Stateful UTF-8 decode (lines 284 to 294)
cpython 3.14 @ ab2d84fe1023/Modules/_codecsmodule.c#L284-294
The stateful variant is used by StreamReader and incremental decoders. When
final is False, the decoder stops at the last complete character, leaving
any trailing partial sequence to be fed in the next call:
static PyObject *
_codecs_utf_8_decode_impl(PyObject *module, Py_buffer *data,
const char *errors, int final)
{
Py_ssize_t consumed = data->len;
PyObject *decoded = PyUnicode_DecodeUTF8Stateful(
data->buf, data->len, errors,
final ? NULL : &consumed);
return codec_tuple(decoded, consumed);
}
When final is True, consumed is passed as NULL which tells
PyUnicode_DecodeUTF8Stateful to treat a trailing incomplete sequence as an
error.
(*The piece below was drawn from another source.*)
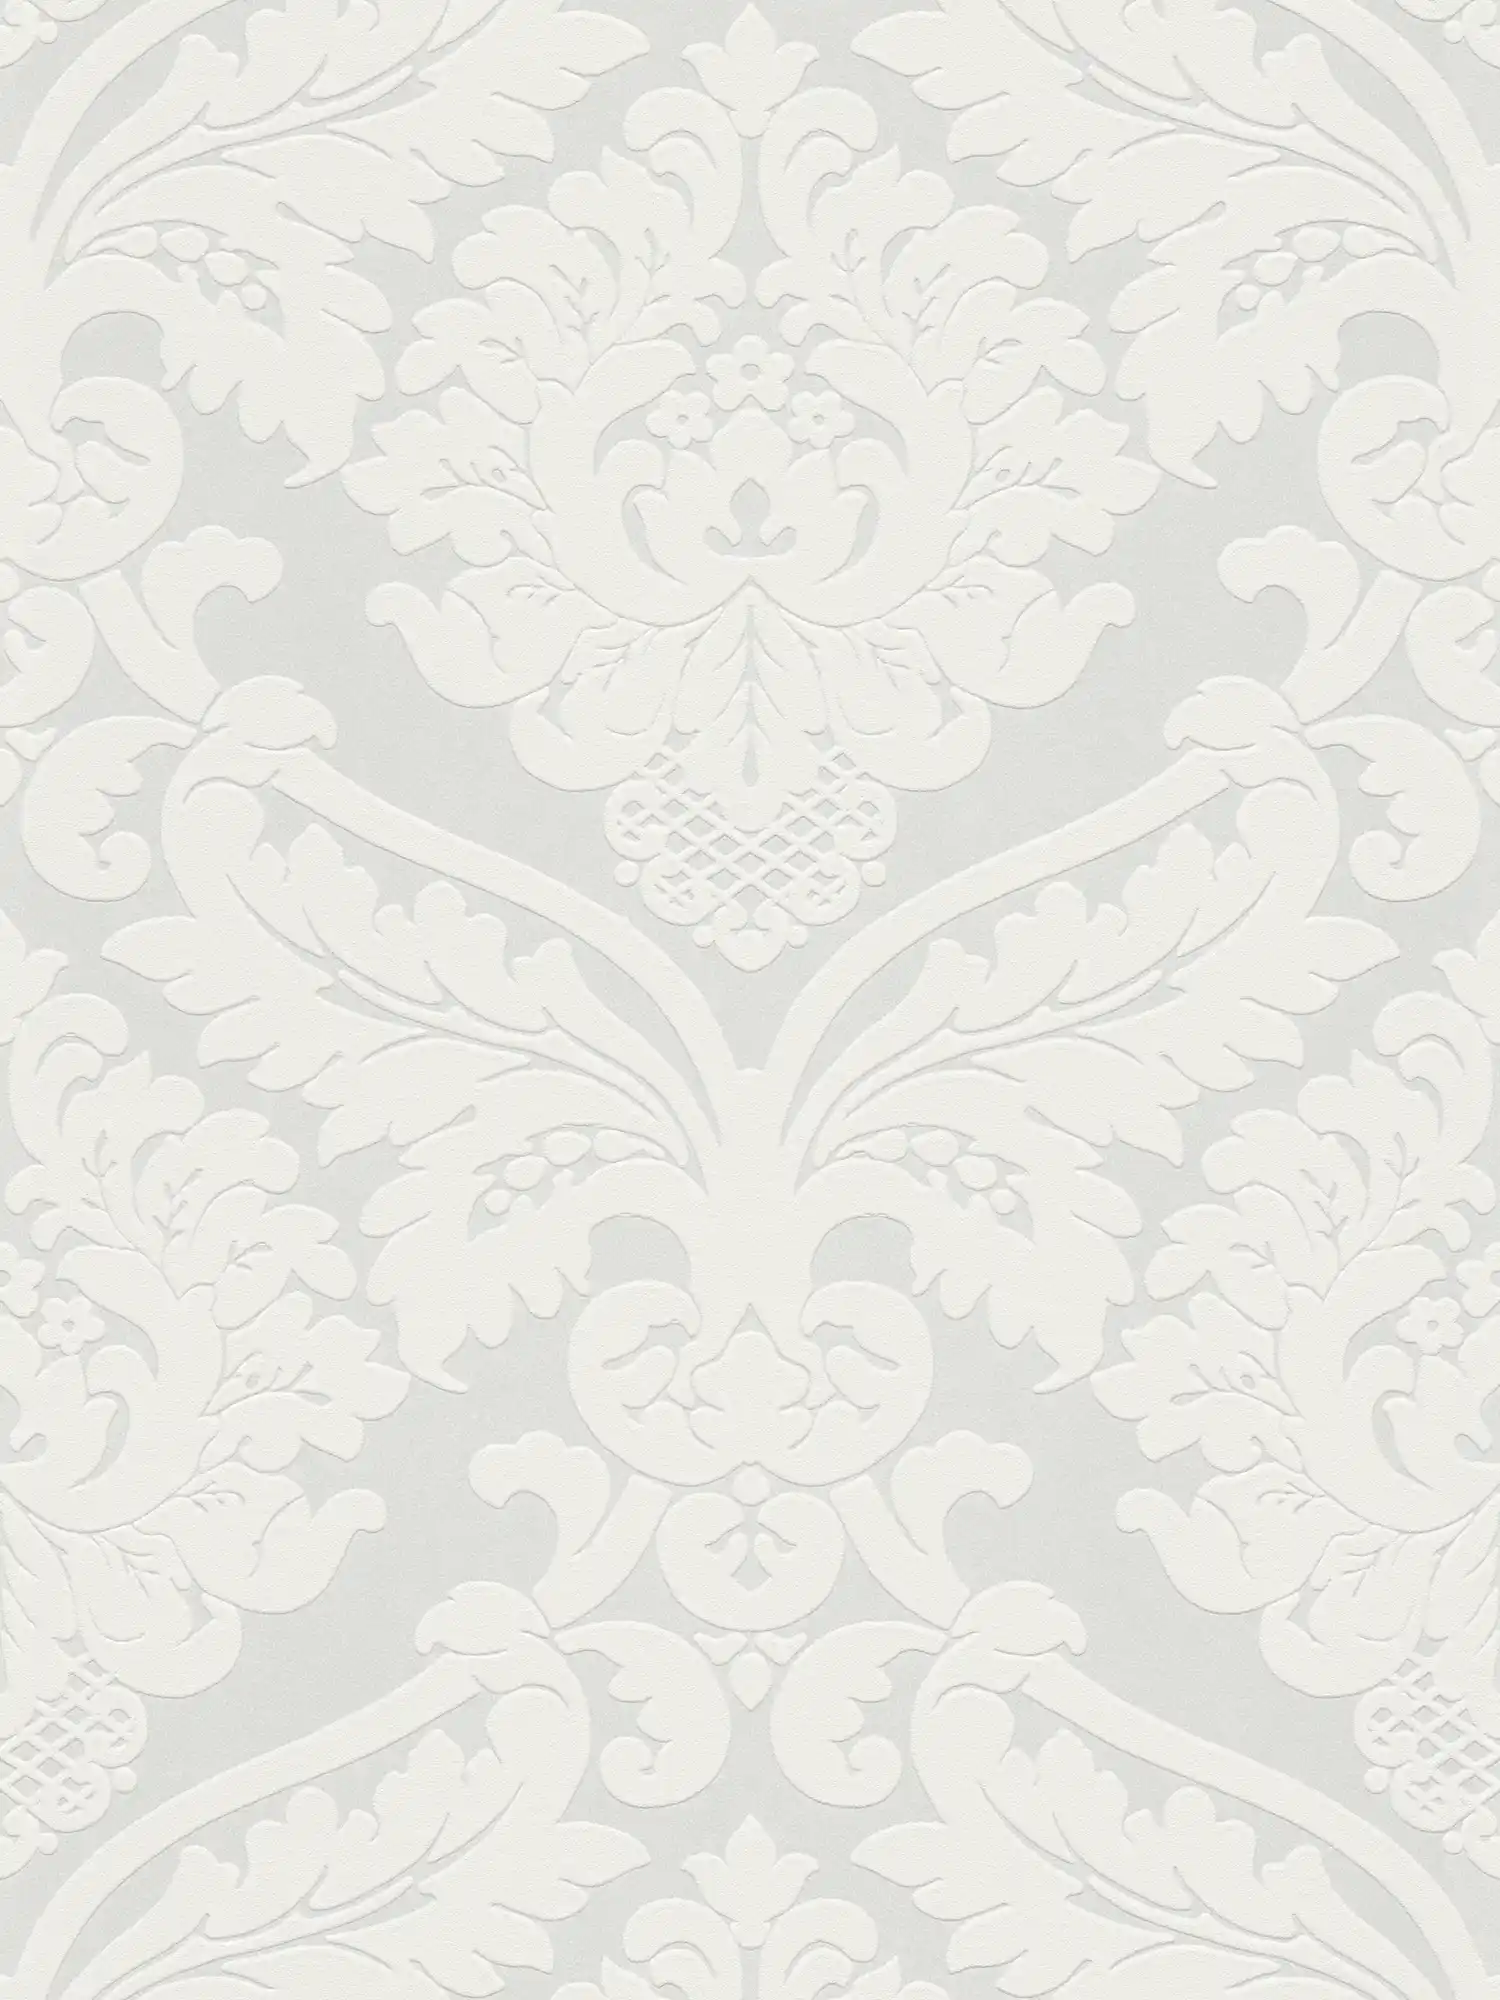 Baroque wallpaper with 3D floral ornament - metallic, white

When final is False, consumed is updated to the number of bytes
actually decoded, and codec_tuple returns that smaller count so the caller
can resume from the correct position.
gopy mirror
Basic UTF-8 and ASCII encode/decode is handled natively in the gopy codecs
package. The full codec registry, error-handler registry, and the remaining
built-in codecs (UTF-16, UTF-32, UTF-7, Latin-1, charmap, escape variants) are
pending.
CPython 3.14 changes
3.14 added _codecs.unregister (lines 83-92) as the public counterpart to the
previously private _PyCodec_Unregister, letting users remove search functions
registered at runtime. It also added _codecs._unregister_error (lines 1000-1005)
to complement register_error, following the same pattern. Both additions carry
the Py_mod_gil = Py_MOD_GIL_NOT_USED slot introduced for free-threaded builds.